[[ Data provided open ]]
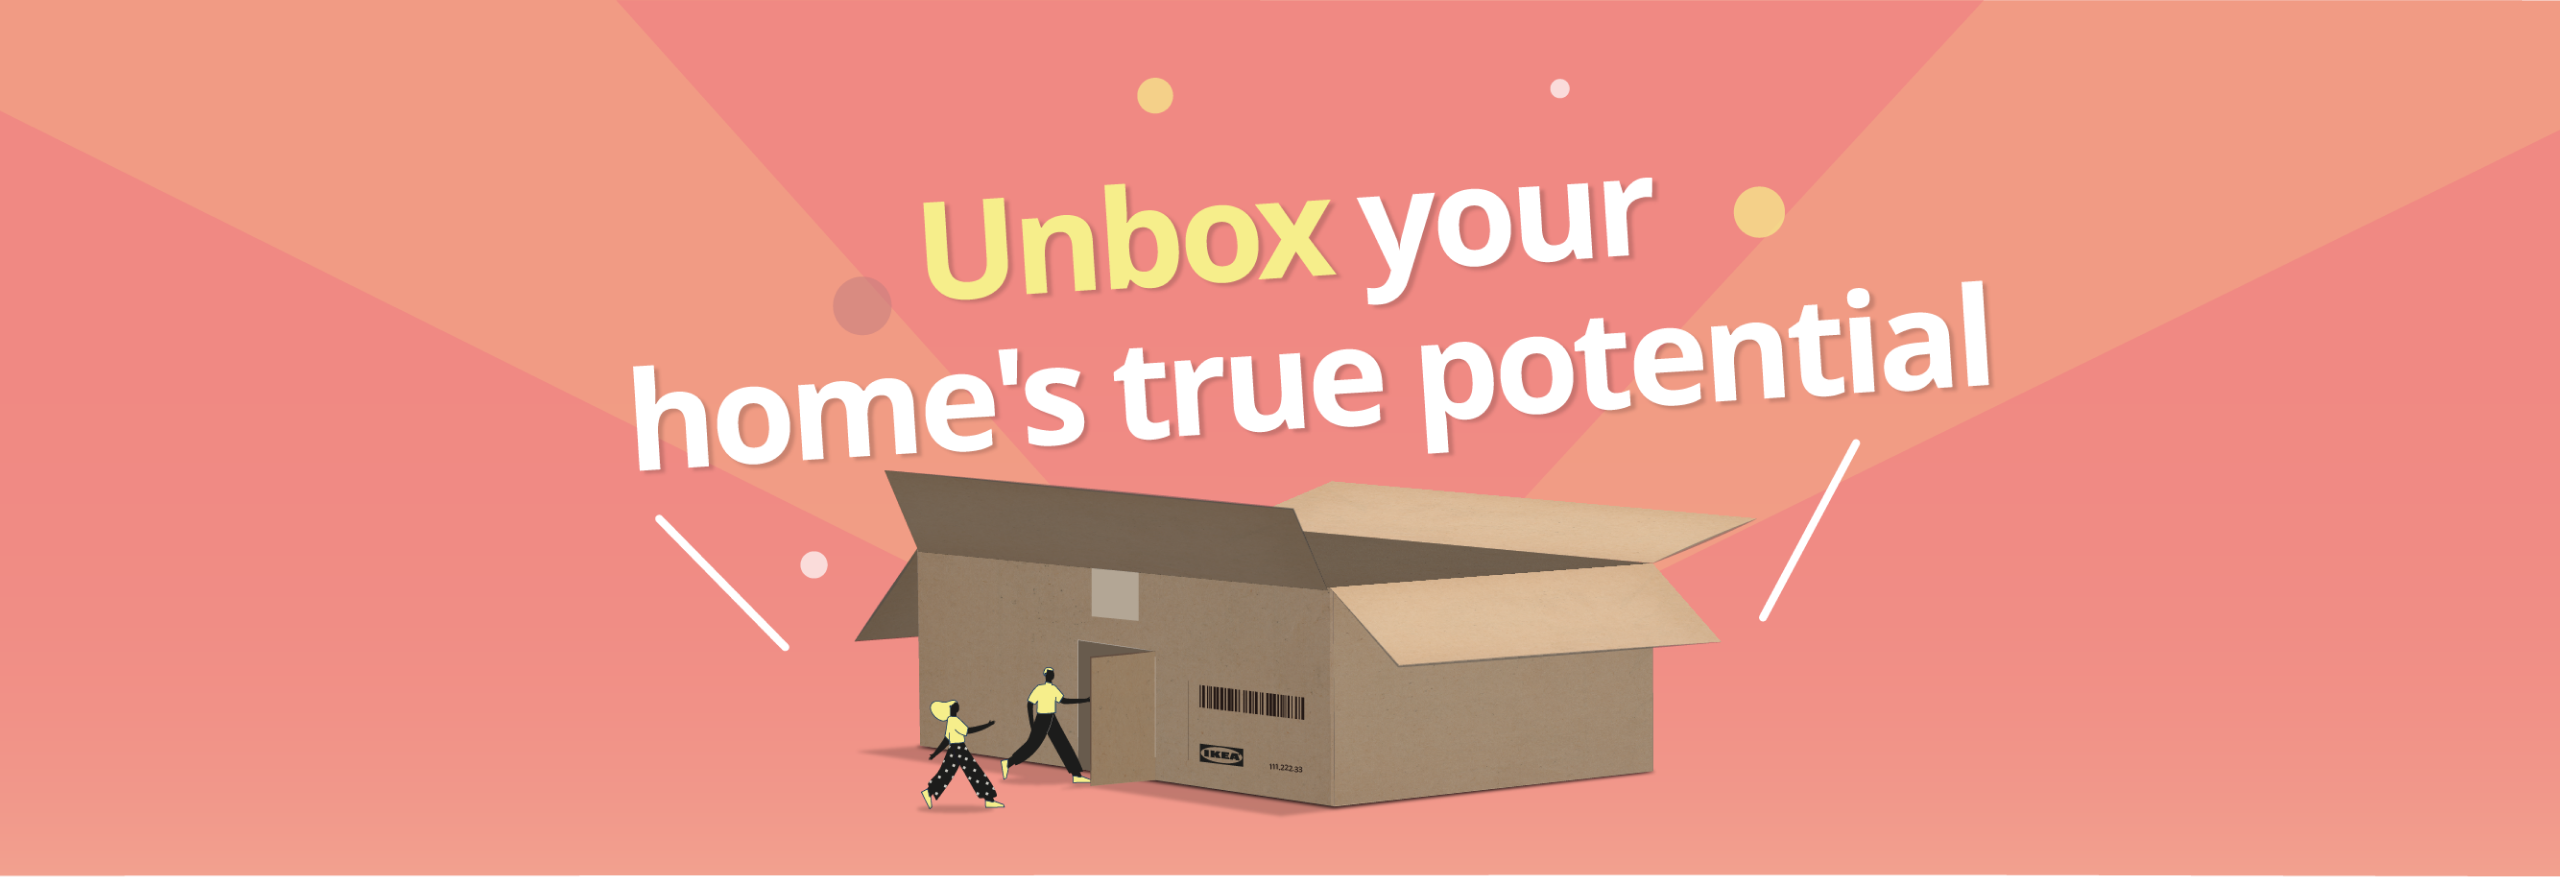 Unbox your homes' true potential
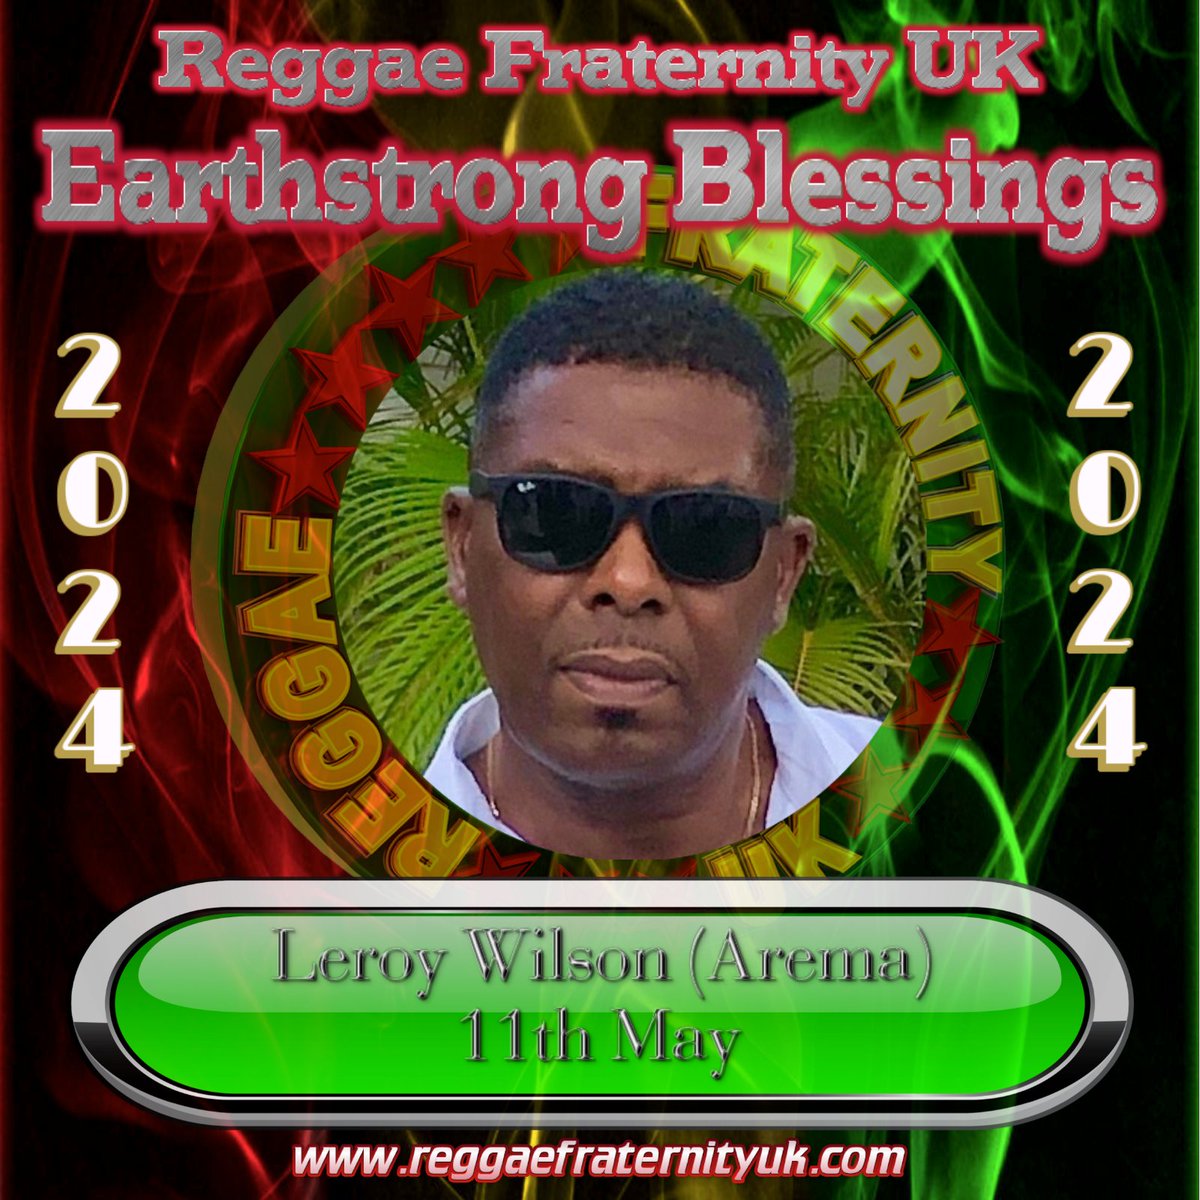 A Special Earthday greeting goes out to our very own Leroy Wilson of Arema Lovers Rock Group fame & RFUK Treasurer 🥂🍾🎉🎈🎂@leroywilson8 have a blessed day 🥂#rfuk #reggaemusic #loversrock #reggae #singer #earthstrong #blessings #Arema #LeroyWilson
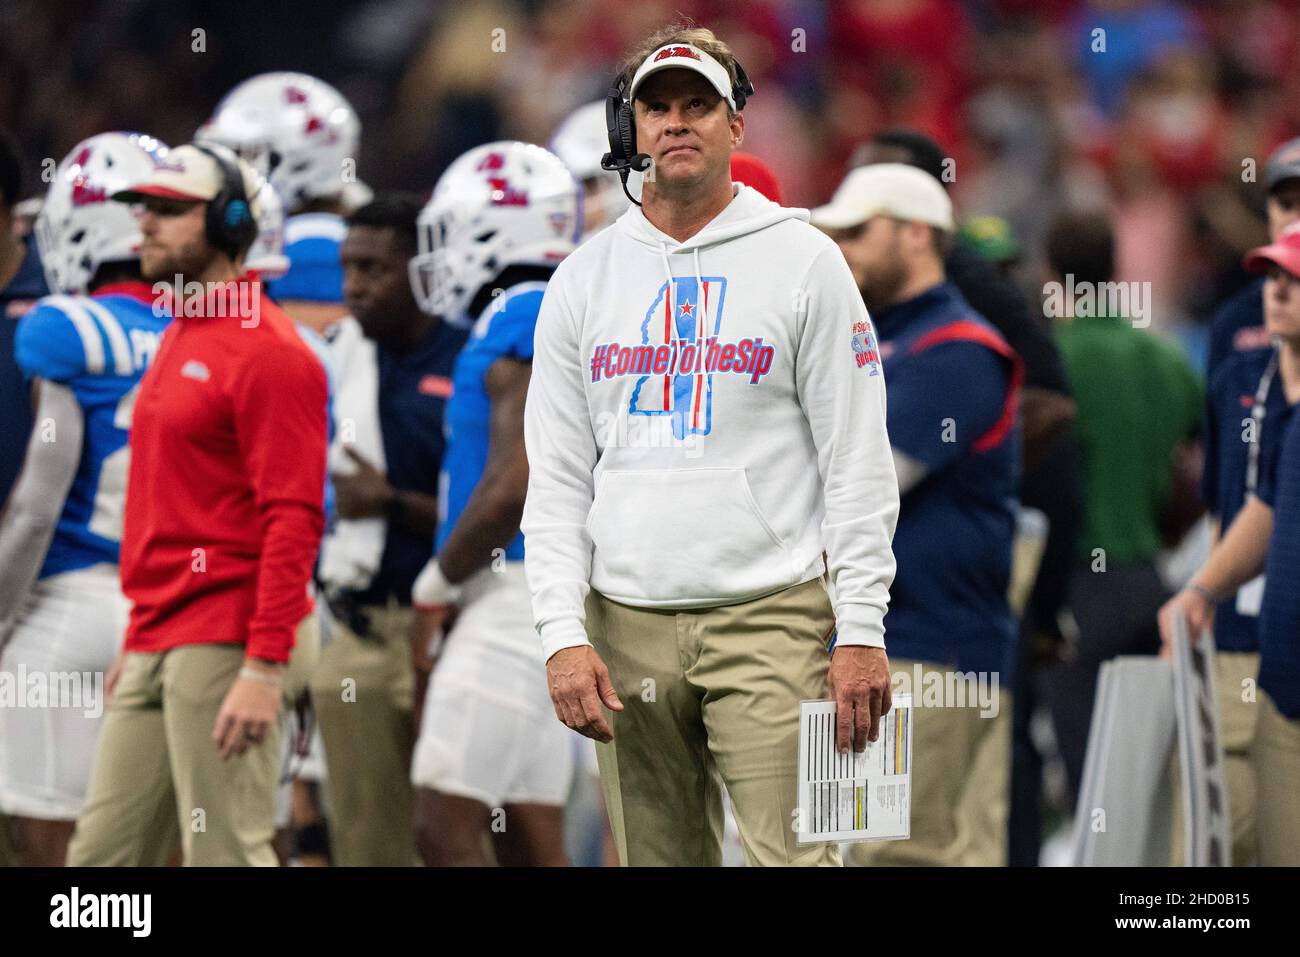 Ole Miss Rebels head coach Lane Kiffin looks on during the NCAA College Football Sugar Bowl game between the Baylor Bears and the Ole Miss Rebels on Saturday January 1, 2022 at the Caesars Superdome in New Orleans, Louisiana. Jacob Kupferman/CSM Stock Photo
[[ Data provided closed ]]
▶ Exercise requirements
The data above must be given again in full and unaltered, minus its images.

▶ Solution
 Unbox your homes' true potential
 A Special Earthday greeting goes out to our very own Leroy Wilson of Arema Lovers Rock Group fame & RFUK Treasurer 🥂🍾🎉🎈🎂@leroywilson8 have a blessed day 🥂#rfuk #reggaemusic #loversrock #reggae #singer #earthstrong #blessings #Arema #LeroyWilson
 Ole Miss Rebels head coach Lane Kiffin looks on during the NCAA College Football Sugar Bowl game between the Baylor Bears and the Ole Miss Rebels on Saturday January 1, 2022 at the Caesars Superdome in New Orleans, Louisiana. Jacob Kupferman/CSM Stock Photo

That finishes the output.